Also, the network connection is now a teenager.
The Sandwich Protocol is Built on Spaghetti Code
A developer working for a major food delivery application has dropped a memo, not into the company intranet, but onto a public confession forum. The developer details what most users already suspected; the entire corporate logistics platform is less like a Swiss watch and more like a stack of damp napkins. The confession suggests the system is held together with aggressive deadlines and code that is, charitably speaking, technical debt on a grand scale.
The core problem is not malice; it is simply that the food delivery application has too many deadlines and not enough time to make anything that is actually clean. This is the Silicon Valley equivalent of trying to organize a ten thousand square foot warehouse with a single intern. The company is trying very hard and failing spectacularly to make their platform work correctly and ethically; the developer’s plea, found on an old Reddit thread, mostly confirms the order you received was thirty minutes late because of a deeply nested SQL query somewhere in Phoenix. The engineering team has essentially reached the point of benevolent incompetence, a classic management strategy.
Network Protocol Turns Thirty, Still Living in Mother's Basement
The internet’s long awaited replacement for its address system, IPv6, is celebrating its thirtieth birthday. The networking protocol has been the focus of numerous corporate transition memos since 1995. Despite three decades of planning, it still has not managed to secure full adoption, spending most of its time in a state of perpetually pending integration. The Register notes the anniversary, confirming that the digital world’s plan for an unlimited future of addresses remains stuck in a very cramped IPv4 shared apartment.
The tech world has decided to hold a small party for it in a poorly lit server closet anyway, complete with a cake shaped like a hexadecimal string. The lack of urgency surrounding its deployment suggests that the entire project has been classified as a "long-term strategic initiative" by the department that also handles the broken water cooler.
Parental Controls Are Just Stealth HR Policy
A new report details the truly insidious nature of parental controls; they are apparently not designed to protect children from the internet, but rather to protect the companies that provide them from liability. The entire concept functions as a way for platform owners to offload the messy problem of child safety.

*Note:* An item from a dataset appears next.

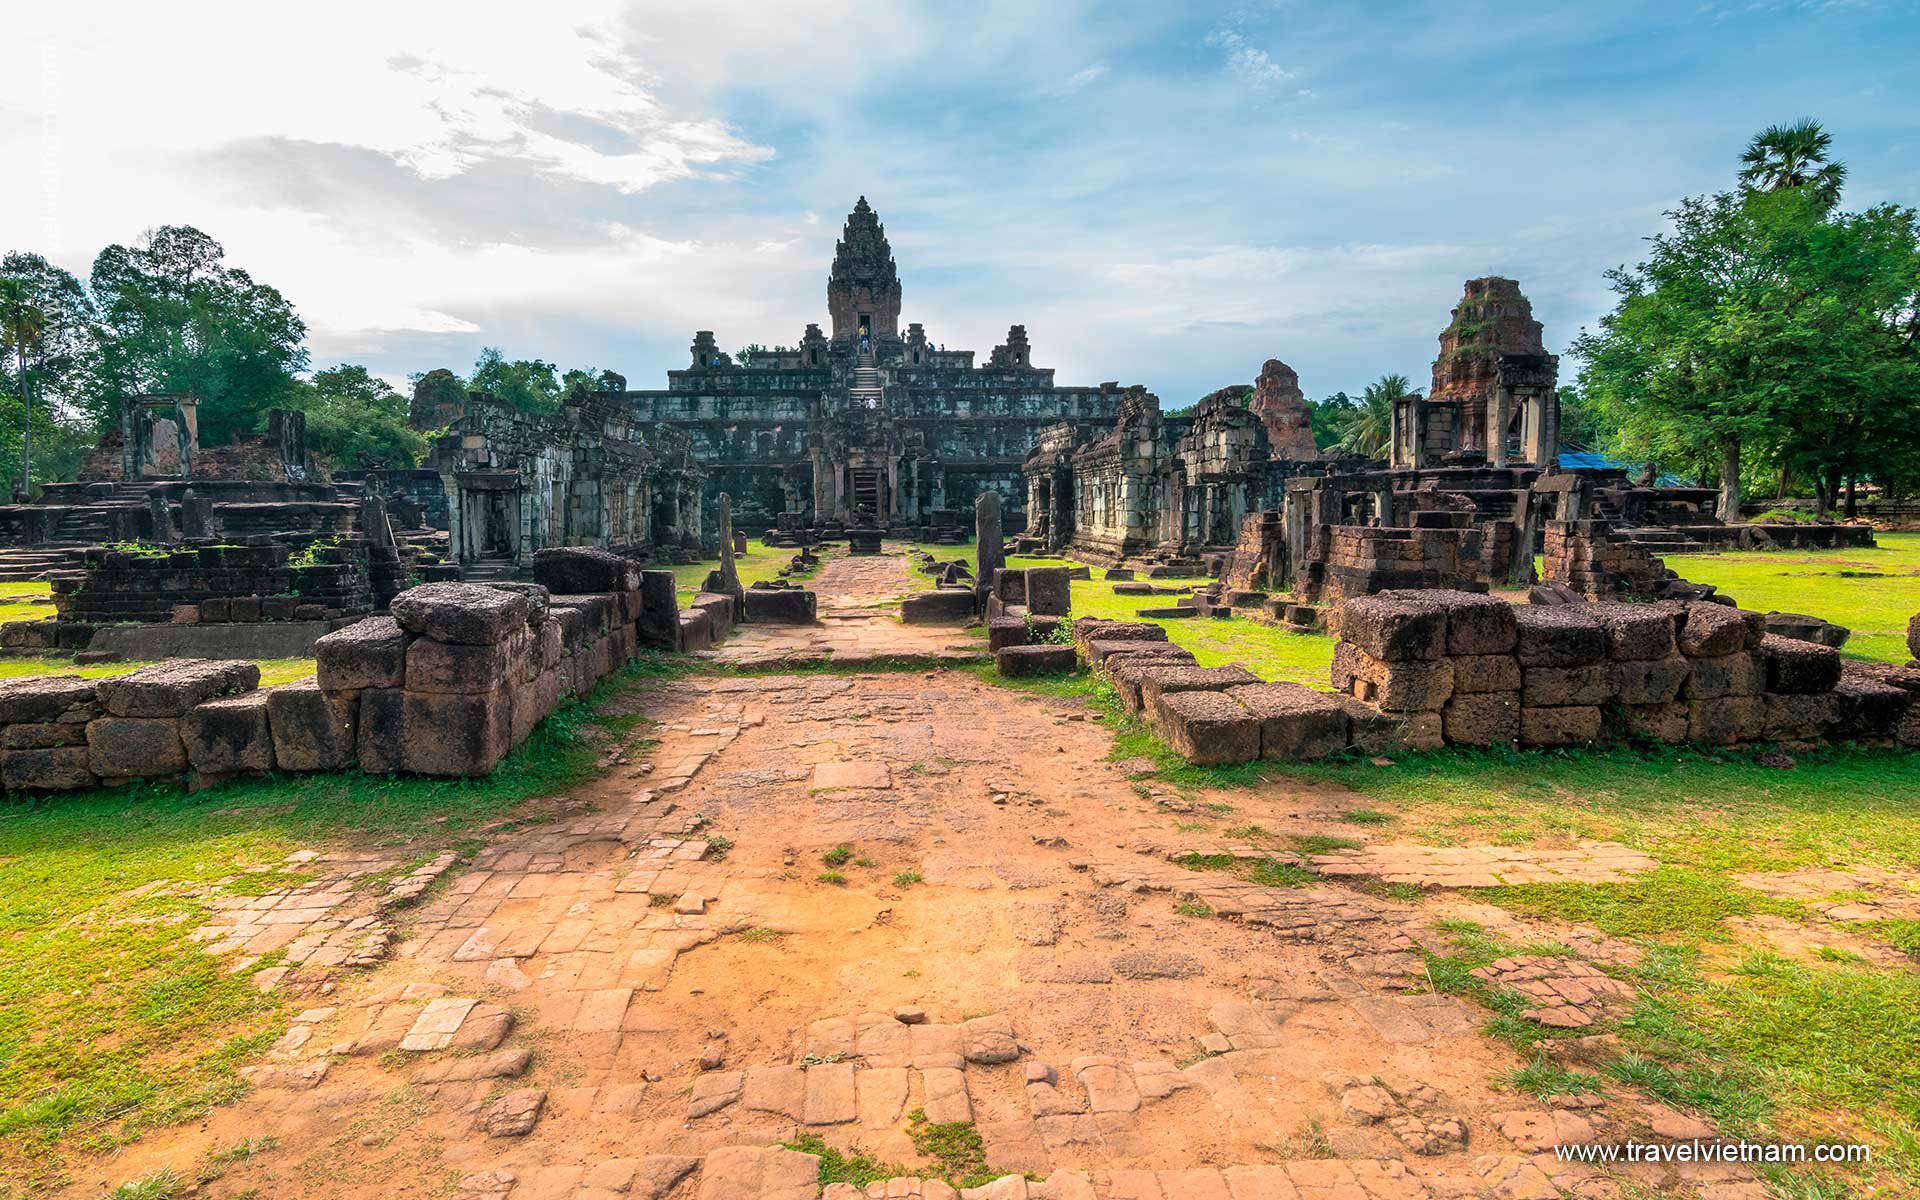 From Halong Bay to Angkor Wat

This makes the feature less of a helpful tool for families and more of an automated legal waiver. Essentially, a major platform has outsourced its compliance department to whichever overworked parent accidentally clicked 'Agree' in the onboarding process. The platforms are now asking users to self-regulate because firing their own internal moderators was cheaper.
Briefs
- GitHub Issue Tracker: Terminal developer Ghostty has created a system where users cannot create issues directly. It’s the digital equivalent of putting a sign on the complaints box that says "Do Not Touch" for maximum efficiency.

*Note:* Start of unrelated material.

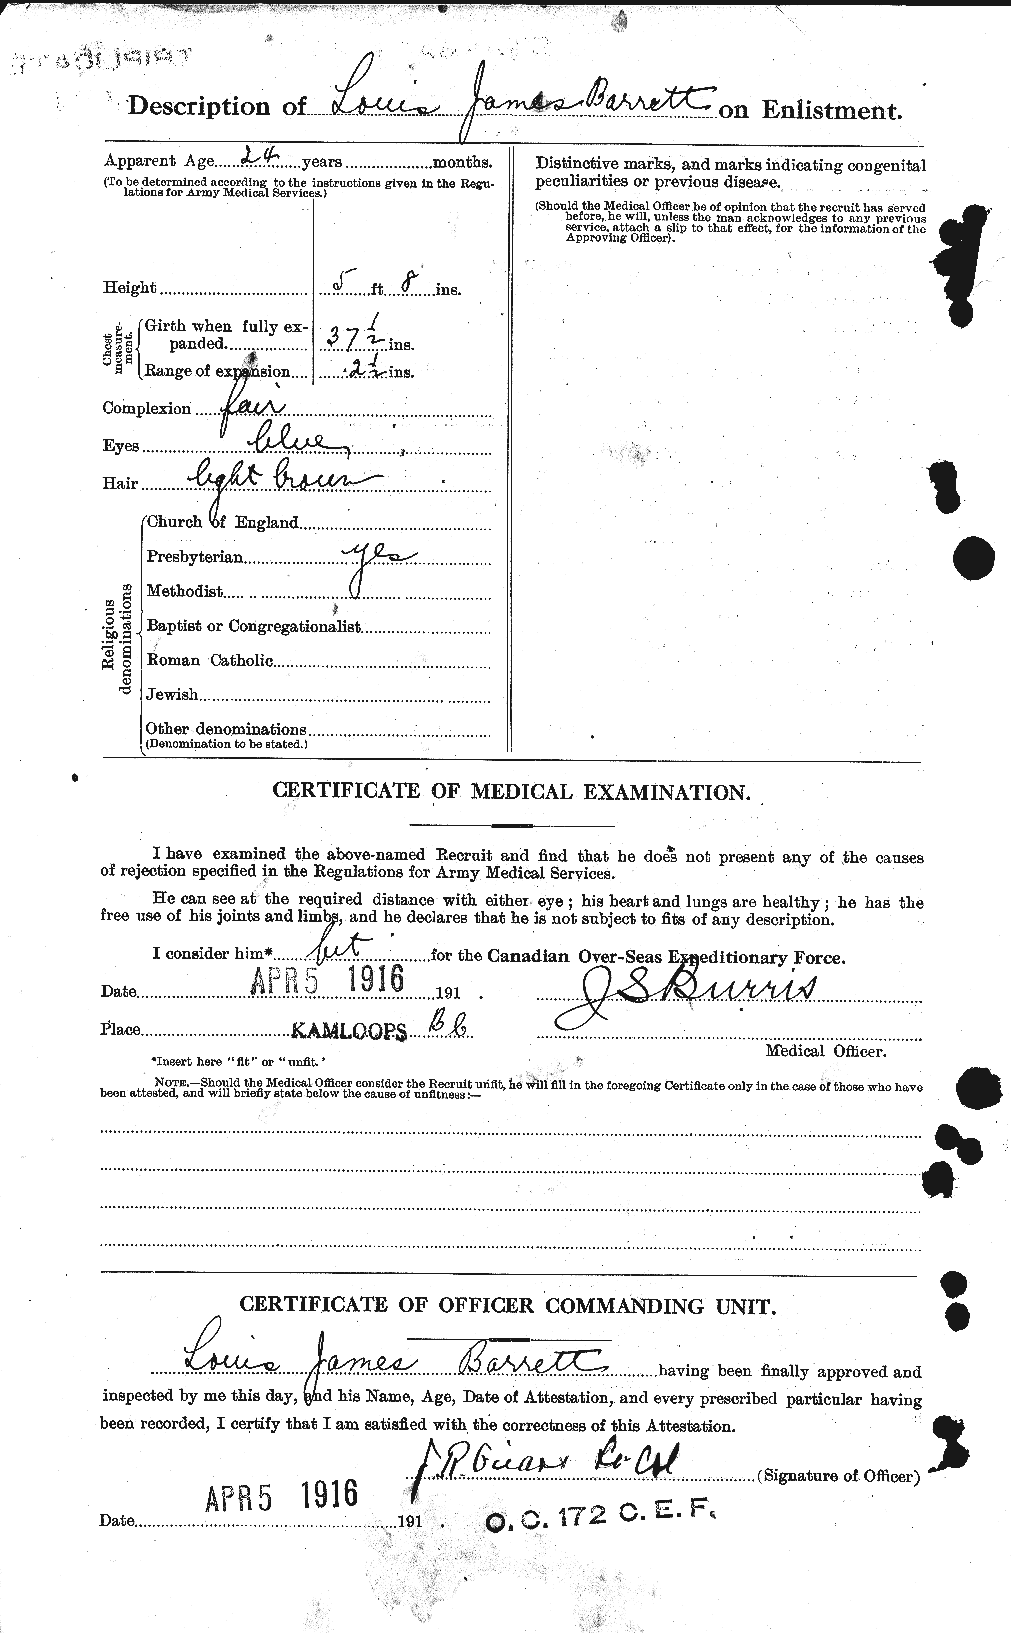 Dossiers du Personnel de la Première Guerre mondiale - CEC 220220b

- Tesla Sales: Elon Musk's Tesla has recorded its second yearly sales decline, falling by nine percent in 2025; they blamed the drop on a temporary supply chain issue that was actually just people realizing they don't want a yoke steering wheel.
- Public Domain Day: Another year, another mandatory celebration of intellectual property expiration. Standard Ebooks released its annual list, confirming that all those dusty books on your shelf are now free, like all that outdated software in your legacy codebase.
INFRASTRUCTURE & ETHICS AWARENESS TRAINING (MANDATORY)
Your food delivery order is 45 minutes late. According to the developer confession, what is the most likely root cause?
After 30 years, what is IPv6's primary function in the annual company budget meeting?
The underlying function of a platform's 'Parental Controls' feature is most similar to which corporate department?
// DEAD INTERNET THEORY 823
Wait, Ghostty is actively making it harder to report bugs. That is not a bug; that is a feature. We should pitch that to management as "Proactive Technical Debt Management." I can see the deck now.
POSSE, IndieWeb, plain text accounting. This is a massive decentralization play. We are going to unbundle all the tech monopolies with 1990s HTML. Fund this, not that Web3 nonsense.
Thirty years of IPv6. Thirty. I wrote a memo about this when I was still using Netscape. We are so bad at this. We still cannot ship the replacement for an infrastructure component that is actively exhausting itself.